The great thing with the MEG opportunity is that there will not be a significant need for a material increase in selling resources to drive a large increase in sales. This is because existing resources in the business will, initially, be responsible for securing the first MEG sales after which time, additional resources can be added. This opportunity, should be cash neutral and in fact may deliver positive cash outcomes from the start, as a large part of the investment cost has already be incurred by both KRISS and Compumedics.
As it relates to the Somfit and Nexus 360 opportunity, we will engage in the large scale commercialisation of Somfit with an experienced consumer partner, which will not only provide investment, but also critical skills and knowledge related to the sale of a consumer device.

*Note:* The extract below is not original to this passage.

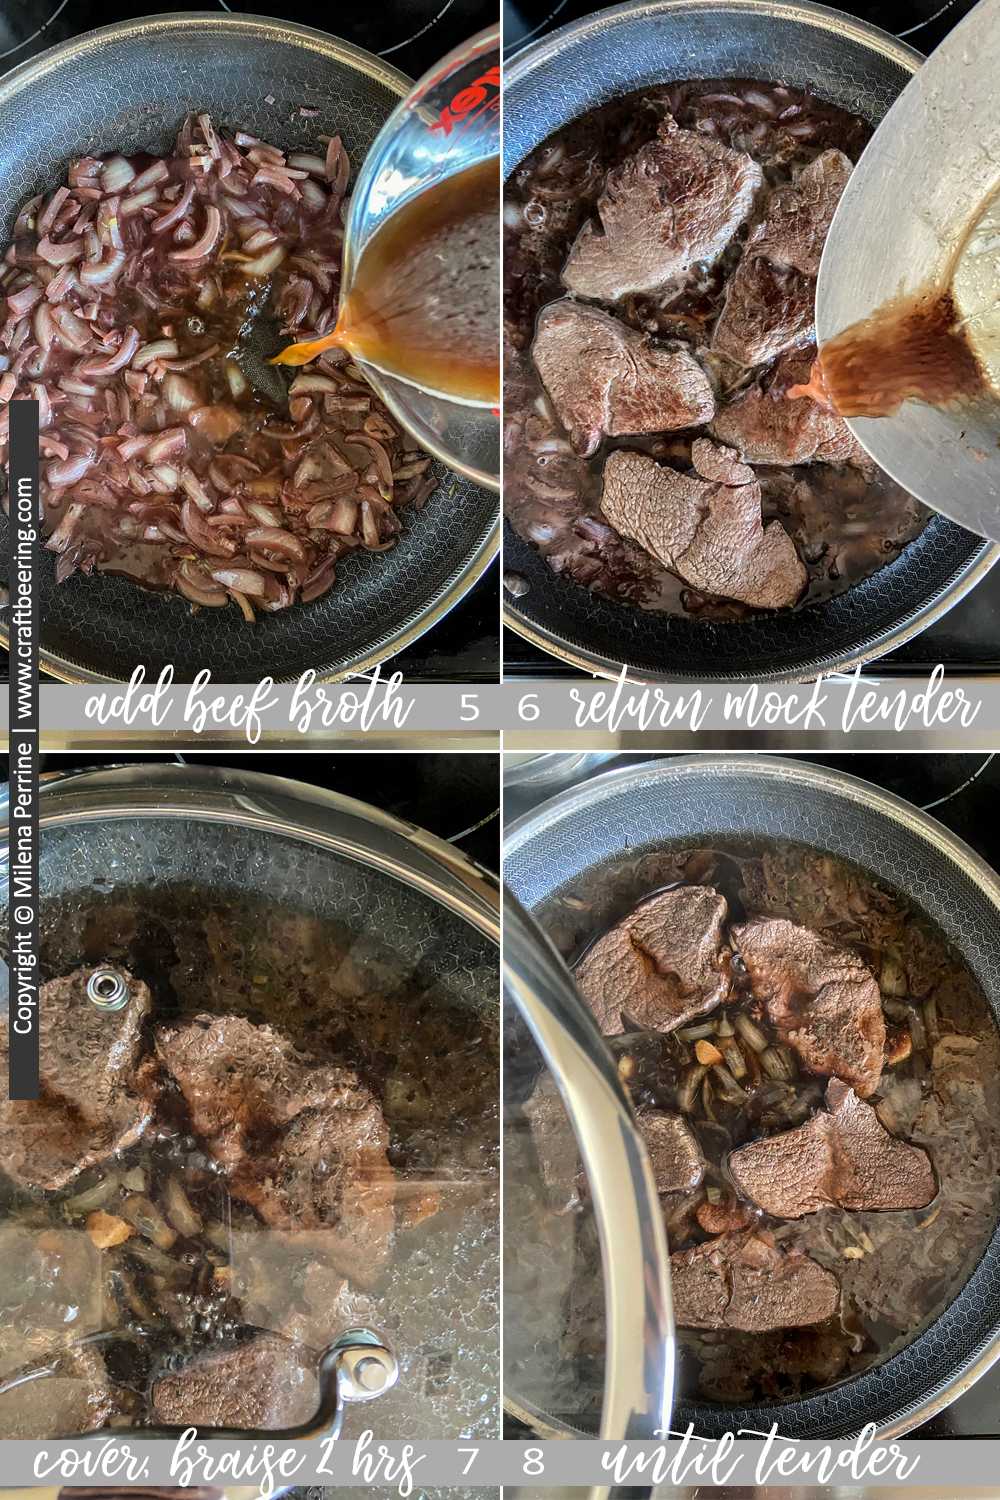 Step-by-step pictures to cook mock tender steak 2.

Specifically, as it relates to Nexus 360, this will be rolled out in a systematic and co-ordinated way using our existing sales resources with one or two additional resources solely accountable for delivering the initial revenues from this model. Then as the model gains traction further resources can be added, without having a material impact on expenses and cash. Again in both these cases, the technology is either in place or largely completed and therefore those development costs have already largely been incurred.
How does Compumedics protect both its intellectual property, and already established market share?
Compumedics started in 1987 as the first medical devices manufacturer and supplier for sleep diagnostics in the Asia Pacific region and we have since gone on to become the gold standard in this patient monitoring space.
We have maintained our position in the highly innovative sleep market for more than 25 years now because we have never stopped advancing our technology and products, reflected in our strong investment in R&D and high barriers of market entry, established over many years.
We have trusted analytics to measure accurately sleep, respiratory and brain analysis and we have regulatory approvals in place for all our products.
We have extended this key experience into neurology and trans- cranial Doppler through the acquisitions of Neuroscan, in America, in 2002 and DWL in Germany in 2004.
The Company has an extensive patent portfolio that protects all the key intellectual property developed and owned by the Company.
PROACTIVE INVESTORS: Thank-you again David.